Jon had solved the supply requisition in twenty minutes that Robb had spent an hour on.

They went together to receive the royal party.

The yard assembled. The household. The guards. His mother beside his father — composed, correct, lord's wife in every line of her. Sansa tall and proper. Arya in the dress she clearly hated. Bran smiling. Rickon watching the horses.

Robb took his position at his father's right.

Jon stood slightly apart in the way Jon always stood slightly apart from things.

The gates opened.

The royal party came through — the noise of it, the horses, the wagons, the size of a king traveling with everything kings required. Robert dismounting. His father going to one knee.
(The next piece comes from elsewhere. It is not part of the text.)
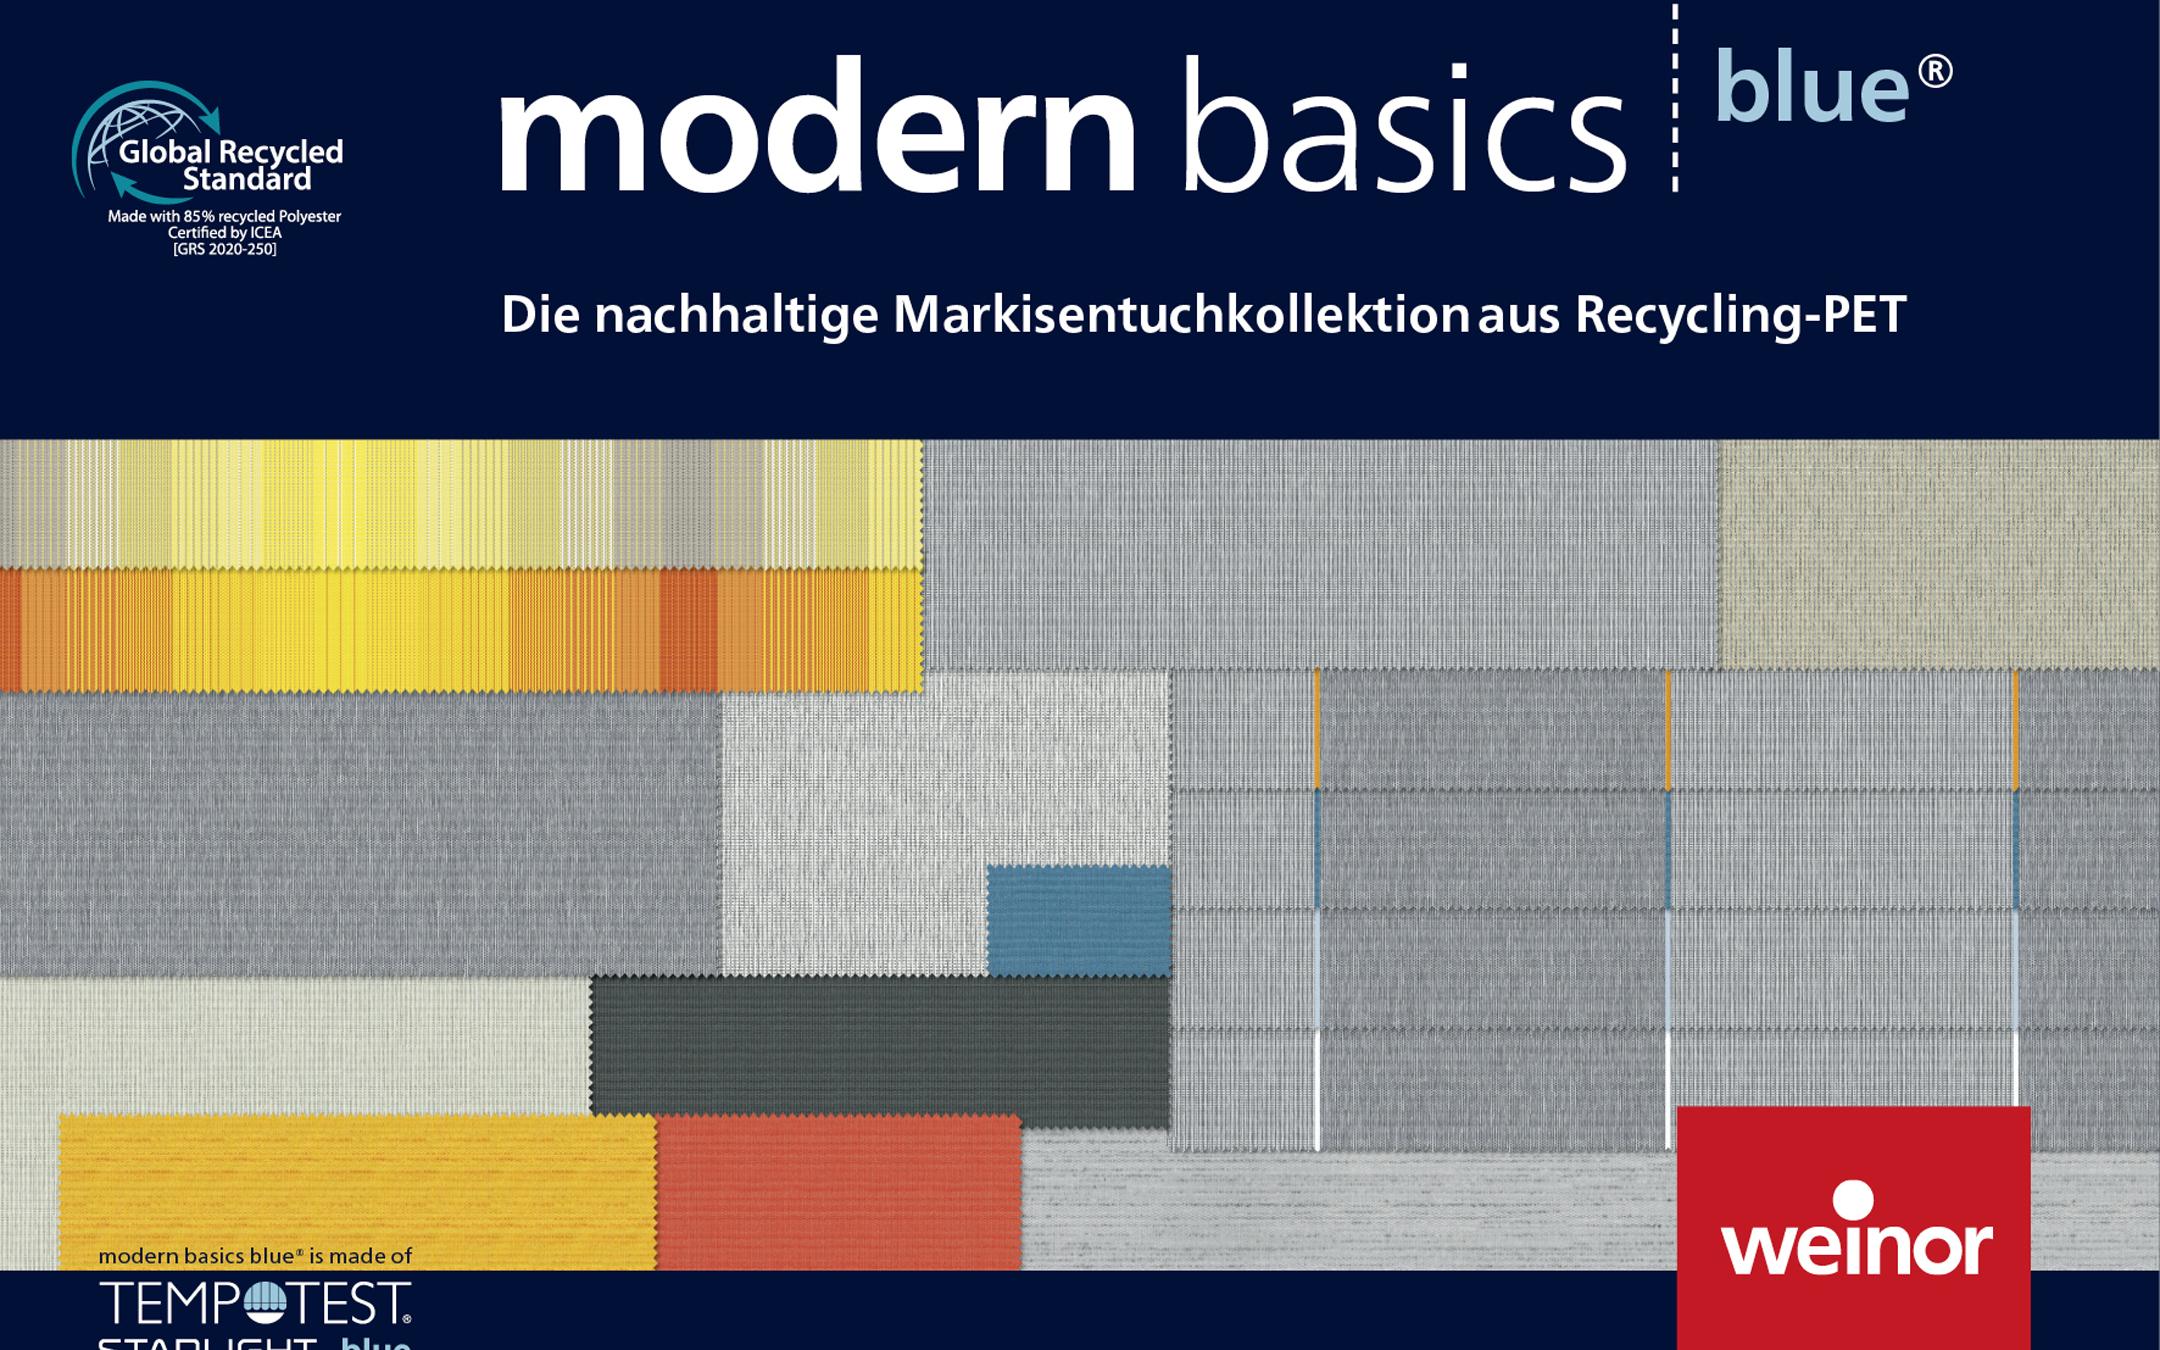 modern basics blue®
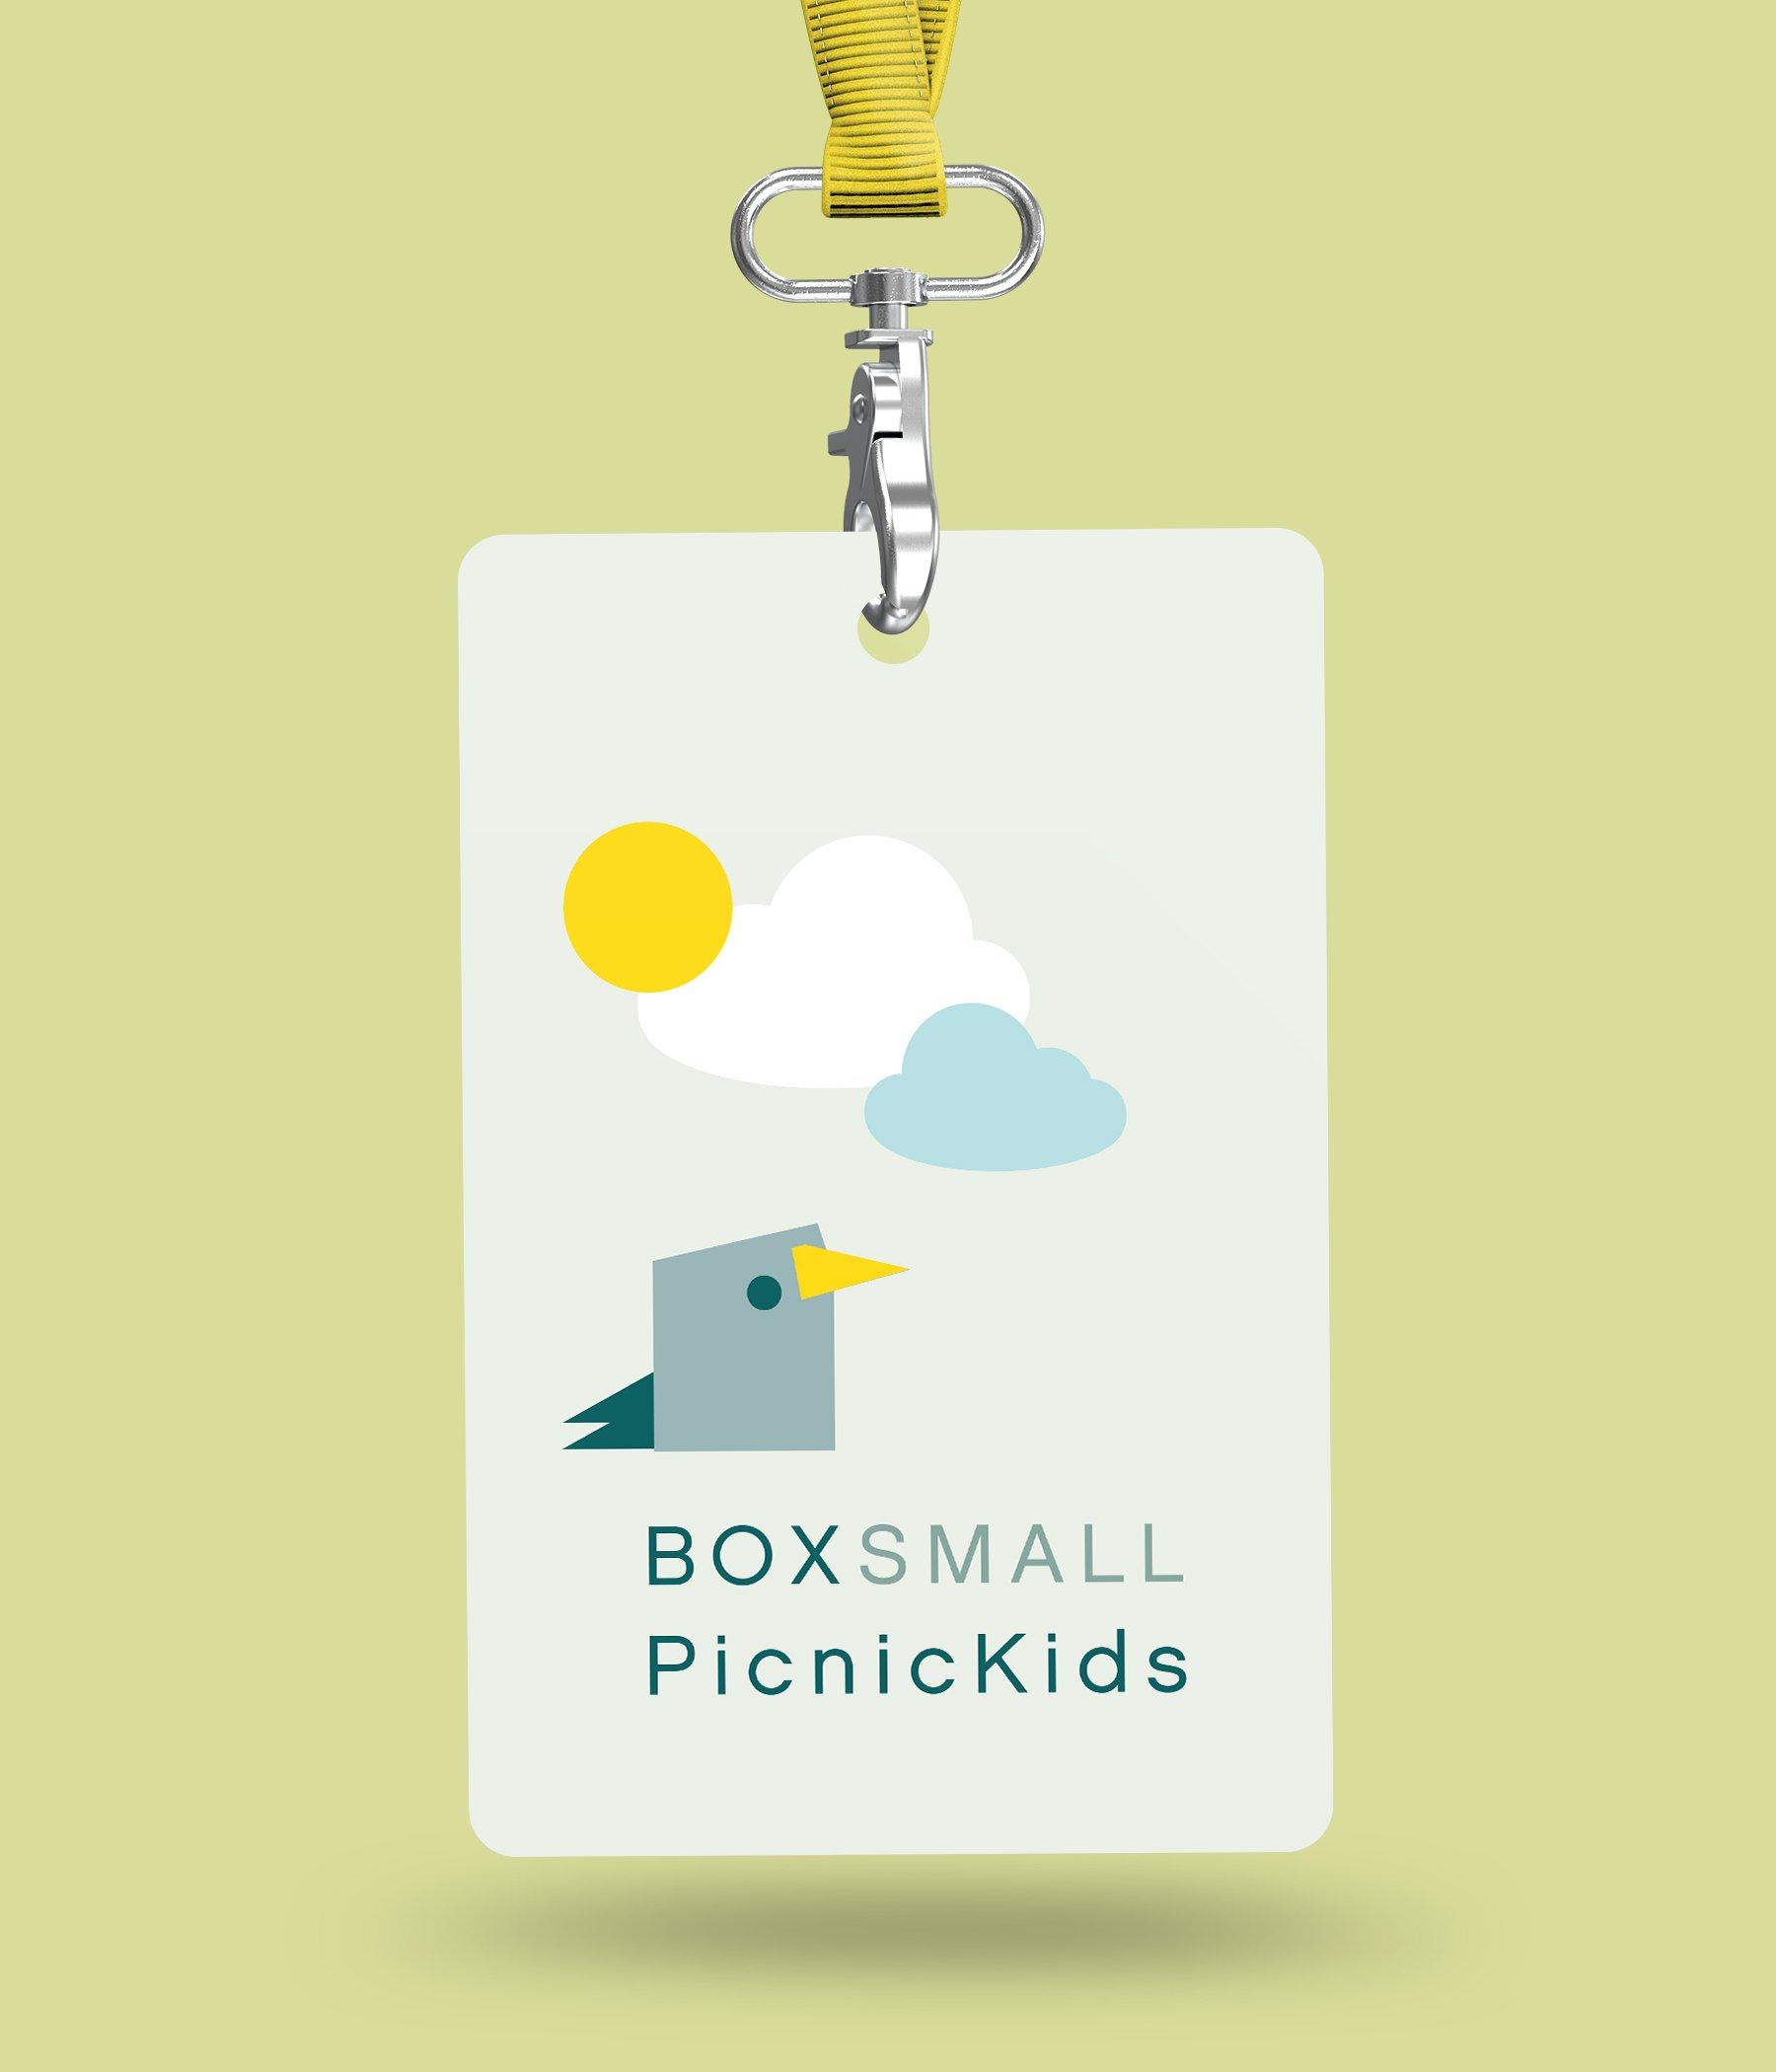 BoxSmall neck tags for 'Picnic Kids'

Robb's eyes moved through the column the way eyes moved when looking for nothing specific.

They stopped.

His brain did the specific thing brains did when encountering something they hadn't prepared for — the delay, the processing, the moment of genuine uncertainty before recognition crashed through.

It crashed through.

His mouth opened.

He shut it.

Ceremony. The king was present. He was the heir and he knew what that meant and this was not the moment for what he wanted to do which was cross twenty feet of yard at speed and be extremely loud about it.

He held the line.

But the grin came anyway.

All of it. Completely. Twenty feet of yard and four years of absence and Robb Stark's grin was exactly what it had always been since he was eleven years old.

Of course, he thought. Of course you'd come back with the bloody king. Of course that's how you'd do it. Couldn't send a letter. Couldn't give us any warning.

He looked at Jon.

Jon had already found him.

Jon was completely still in the specific way he went still when something arrived that he had been waiting for without letting himself admit he was waiting for it. Not shock exactly. Something quieter and deeper than shock.

Robb watched Jon's face do the thing Jon's face almost never did in public.

Gone in a second. Controlled. Locked back where Jon kept things.

But it had been there.

Robb looked back at his big brother standing in the royal column.

At the axe.

At the man the thirteen year old boy had become.

He shook his head once — the private acknowledgment of someone who had been hearing stories for four years and was now looking at the source of the stories and finding the source considerably more real than the stories had been.

Finally, he thought. You absolute fool. Finally.

He faced forward.

Held the line.

The ceremony could finish.

What came after could take its time.

He had waited four years.

A few more minutes wouldn't kill him.